**** Data section

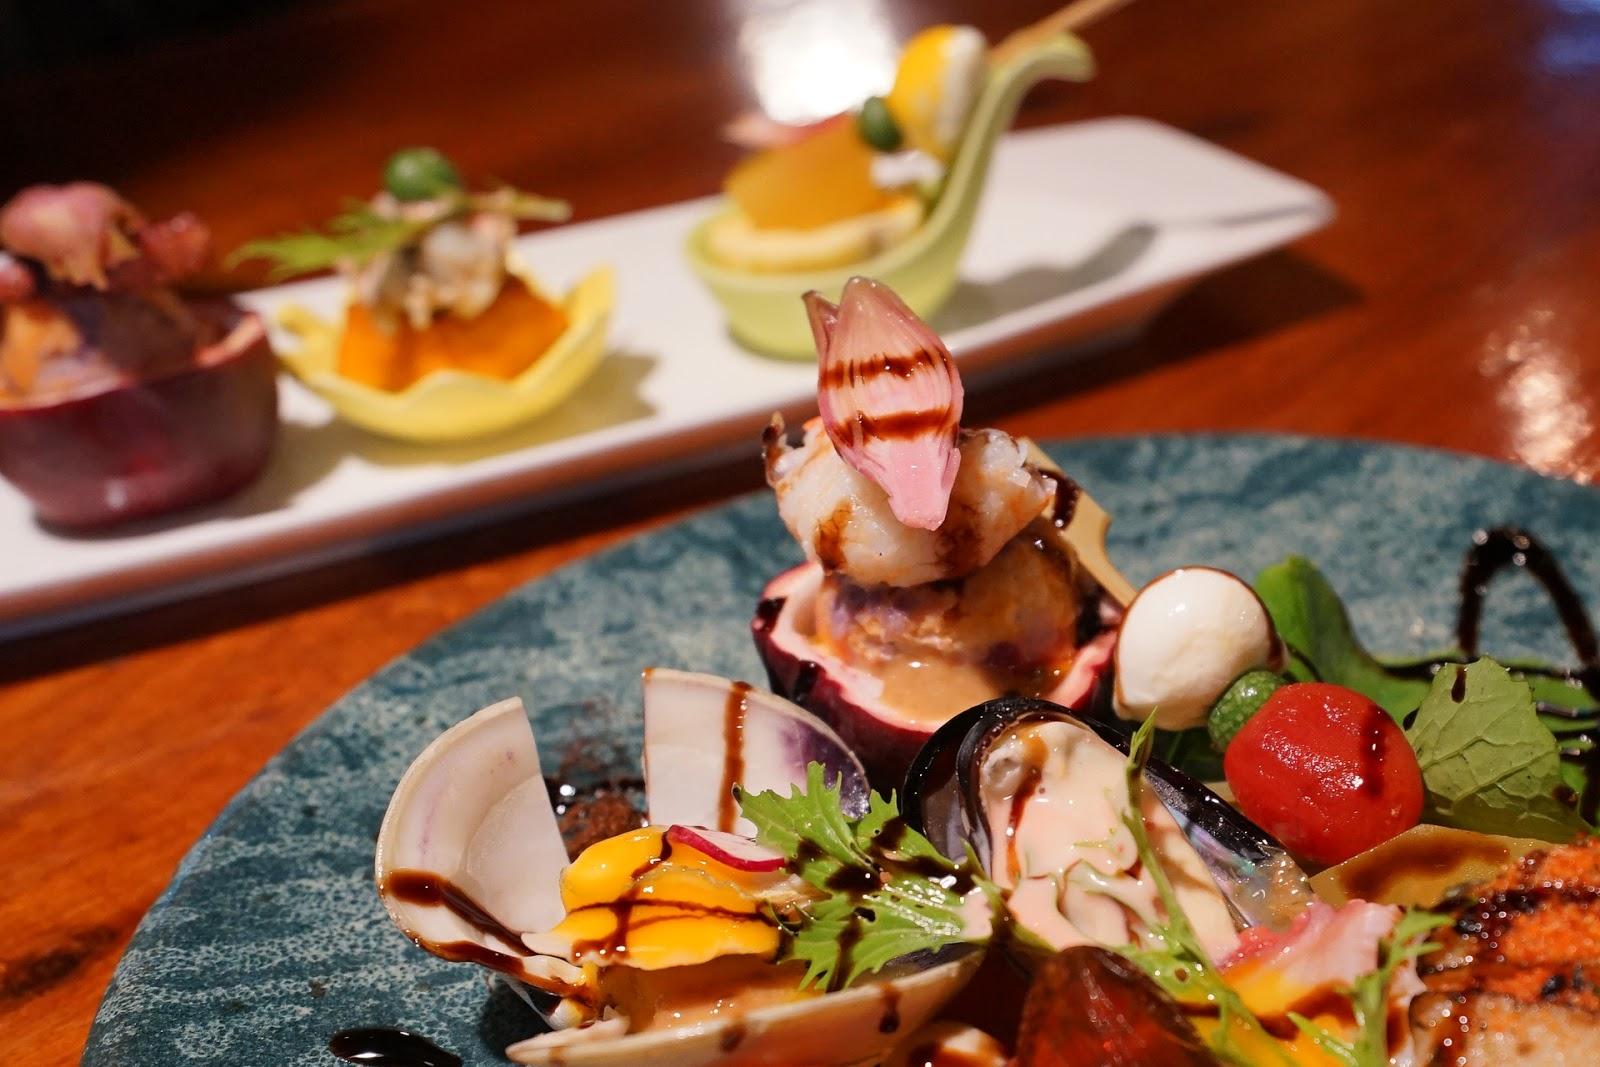 雕之森樹屋餐廳》南投無菜單料理 森林中的頂級饗宴!埔里美食推薦
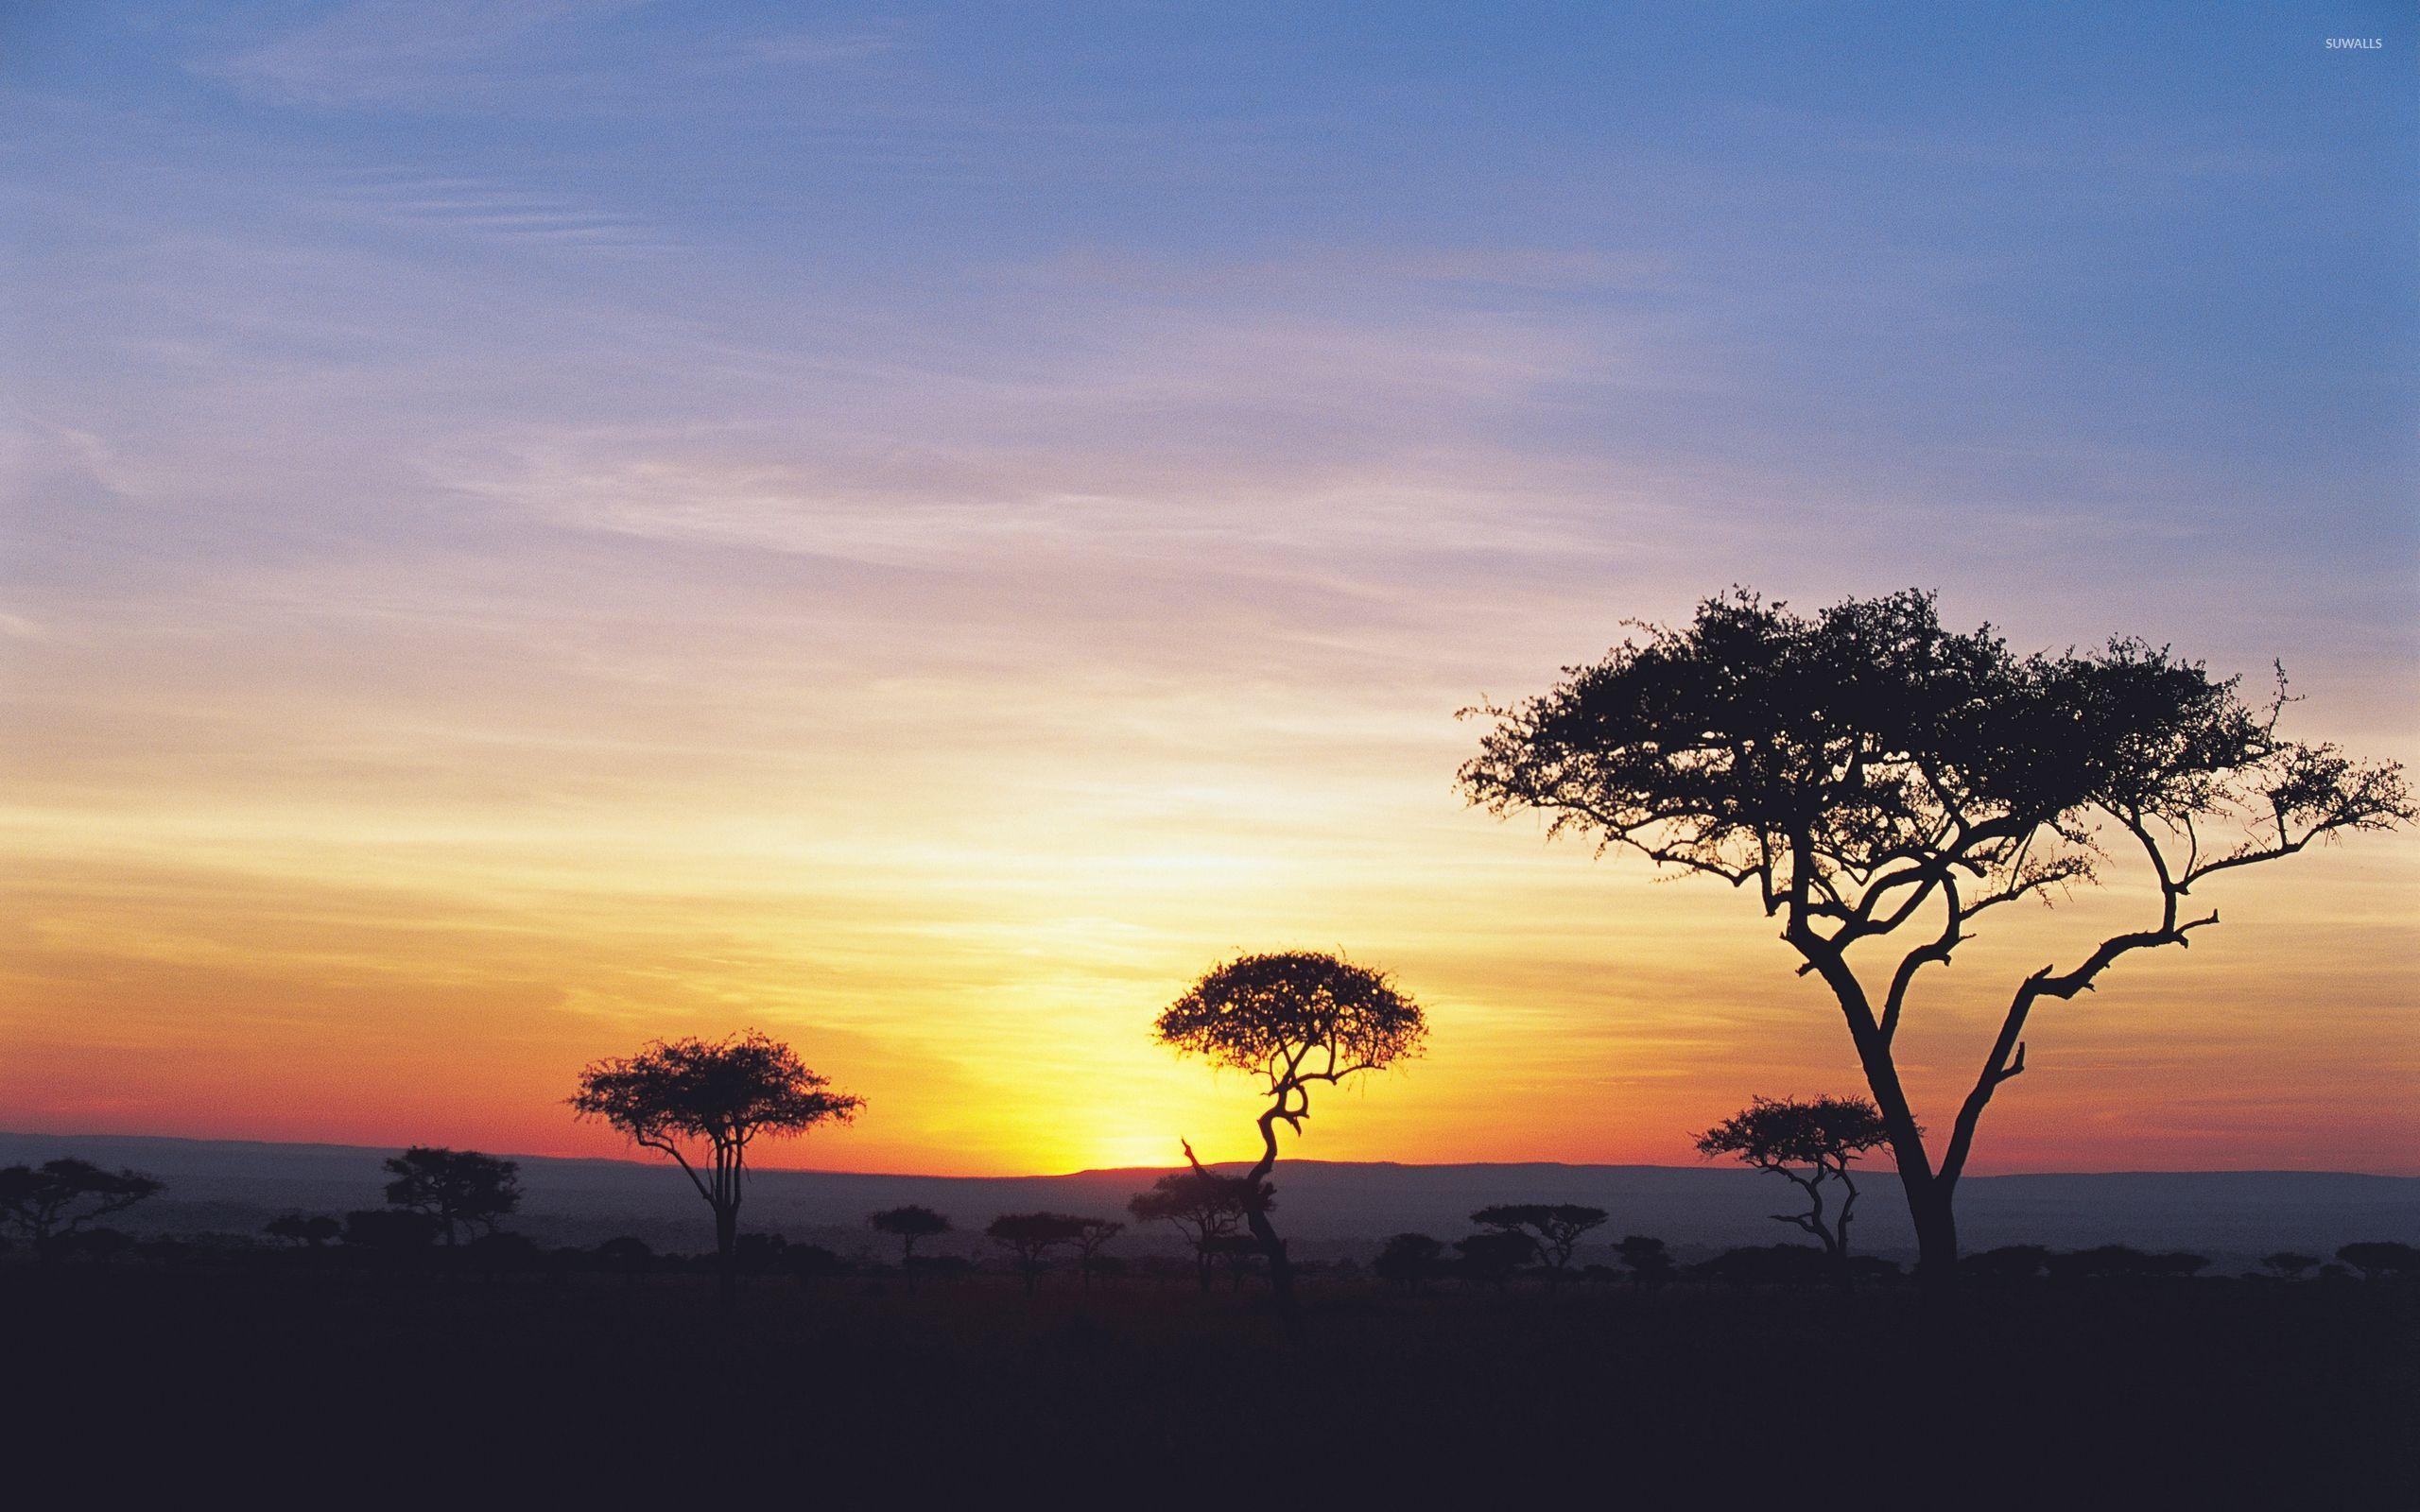 Safari Sunset Wallpaper  Nature Wallpapers 46499
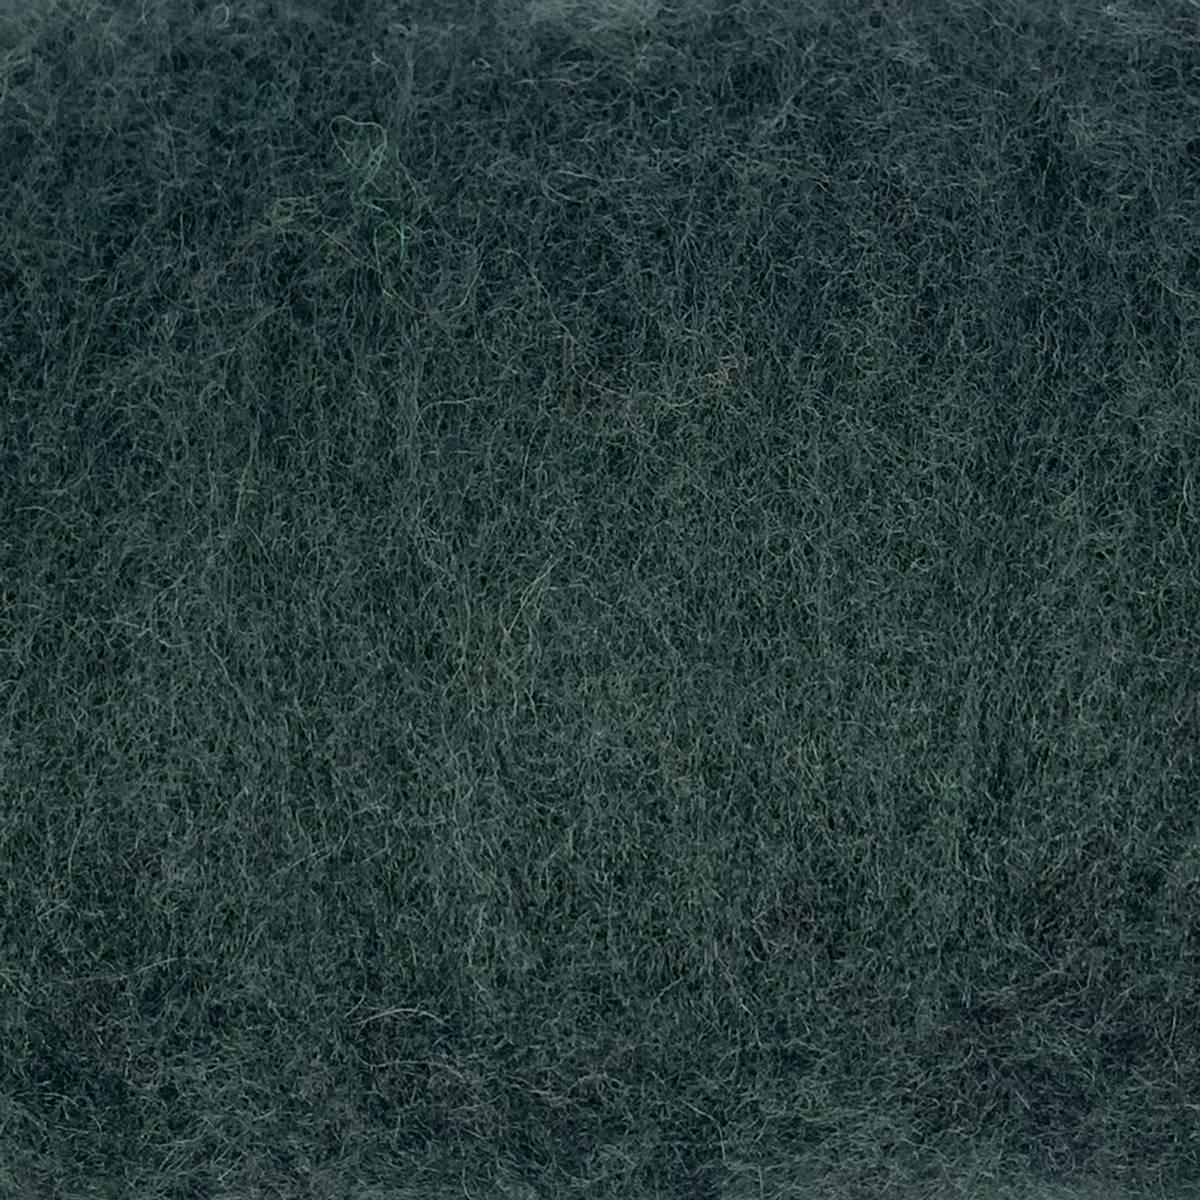 Kardet ull, kald mørkegrønn 100g

********

• What you will do
Every line from the one containing "Safari Sunset Wallpaper" to the end of the material above is to be returned exactly, with the pictures left out.

• Output
 Safari Sunset Wallpaper  Nature Wallpapers 46499
 Kardet ull, kald mørkegrønn 100g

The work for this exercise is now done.